The Tchaikovsky brothers have a different, darker vision. Liza and Hermann meet once again after the Countess’ ghost reveals the three winning cards. Liza is prepared to forgive Hermann, but the soldier becomes increasingly distracted, raving about the cards to the point he claims he does not recognize his beloved anymore. Liza declares him lost and herself with him (“Прогиб он, прогиб! А вместе с ним и я!”) and ends her life in the Winter Canal. In the following scene, Yeletsky brusquely notes that things did not work out between him and his betrothed—a statement many performers have imbued with tragic meaning.

Hermann too earns a cruel fate.
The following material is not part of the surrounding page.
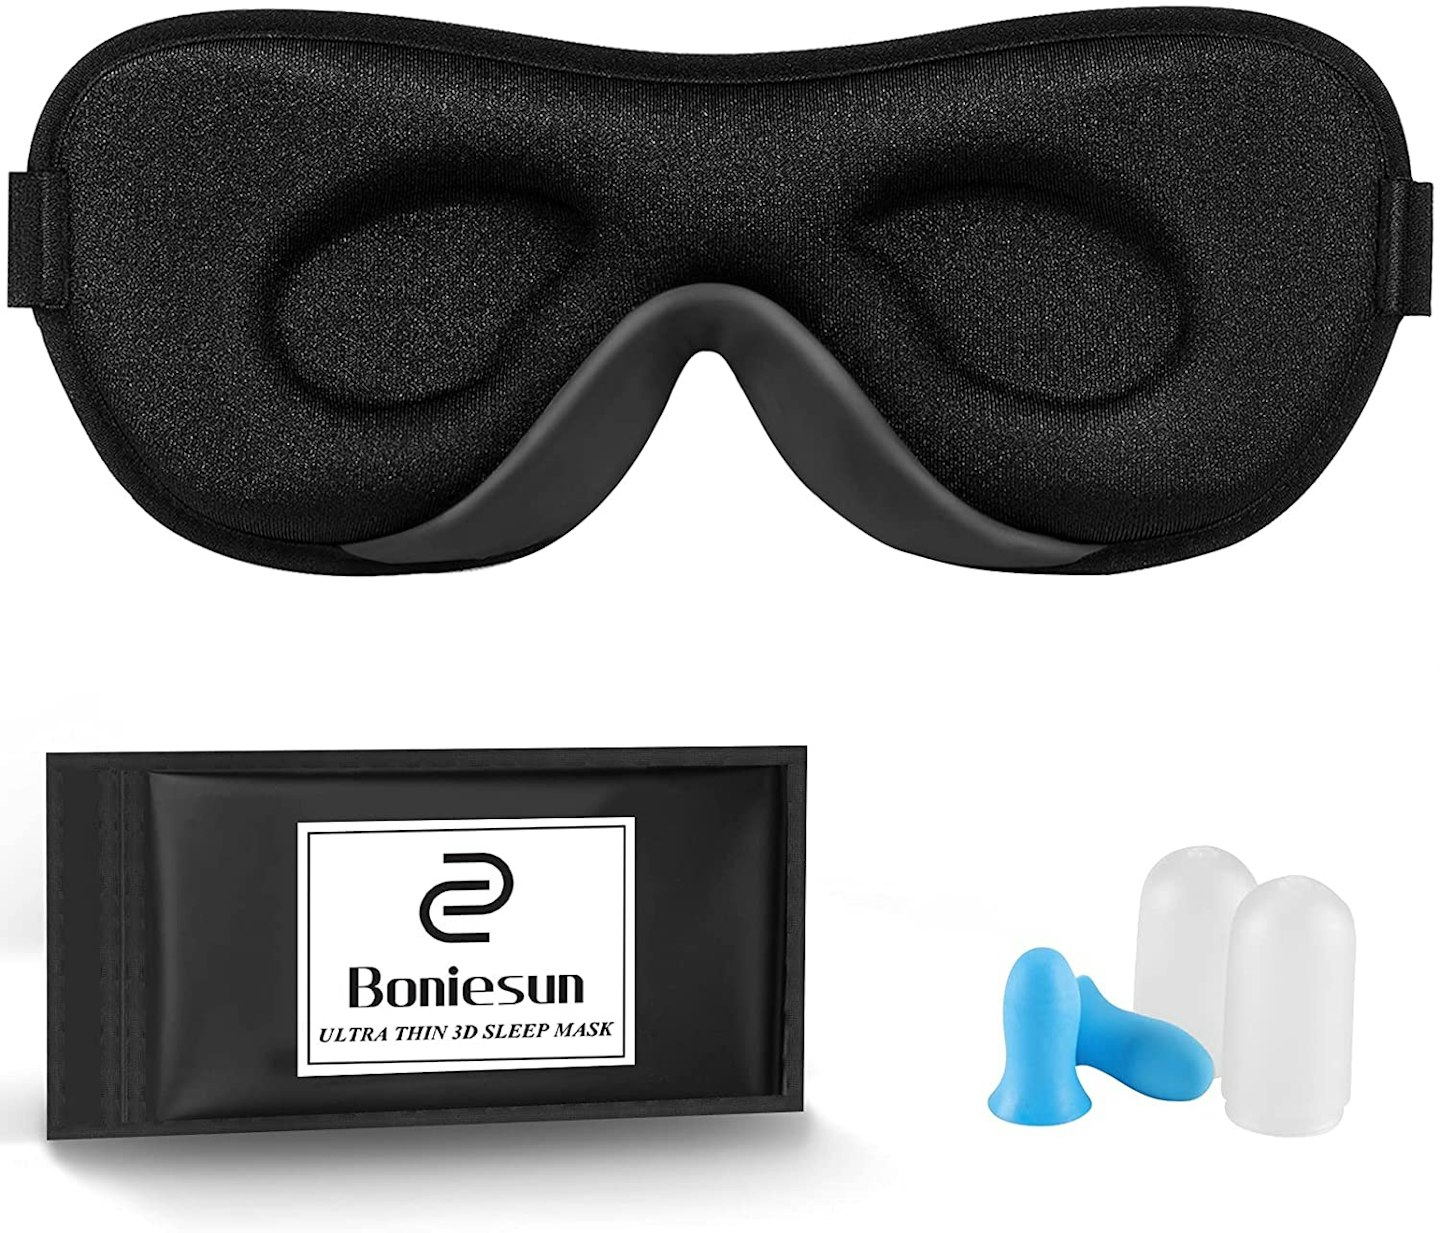 Boniesun Blackout Eye Mask for Sleeping

Seeing the queen of spades revealed, he chooses suicide as well, begging forgiveness from Yeletsky and Liza’s spirit while the gamblers, momentarily distracted from their game, sing their own prayer for his soul. No redemption or sardonic commentary remains, just a bleak end that would veer close to melodrama were it not for the pathos and desperation.

Pushkin’s tale concludes with the old countess dead and Hermann insane. Liza, however, is comfortably, perhaps happily married, and, for the others, life goes on as before with a wry levity tempering its darkness.

Tchaikovsky’s opera, by contrast, ends with two suicides on top of the Countess’ death by fright. While many productions have downplayed or revised Liza’s and Hermann’s desperate ends, these directorial deviations are clear choices to avoid the page. Even if the words are taken less than literally, they cannot erase the unwavering darkness within the music.

Several different English translations of “The Queen of Spades” are available; quotations in this piece are taken from Anthony Briggs’ work for Pushkin Press. Modest Tchaikovsky’s libretto can be found in bookstores in Russian and in an English translation online; translations in the piece are by the author.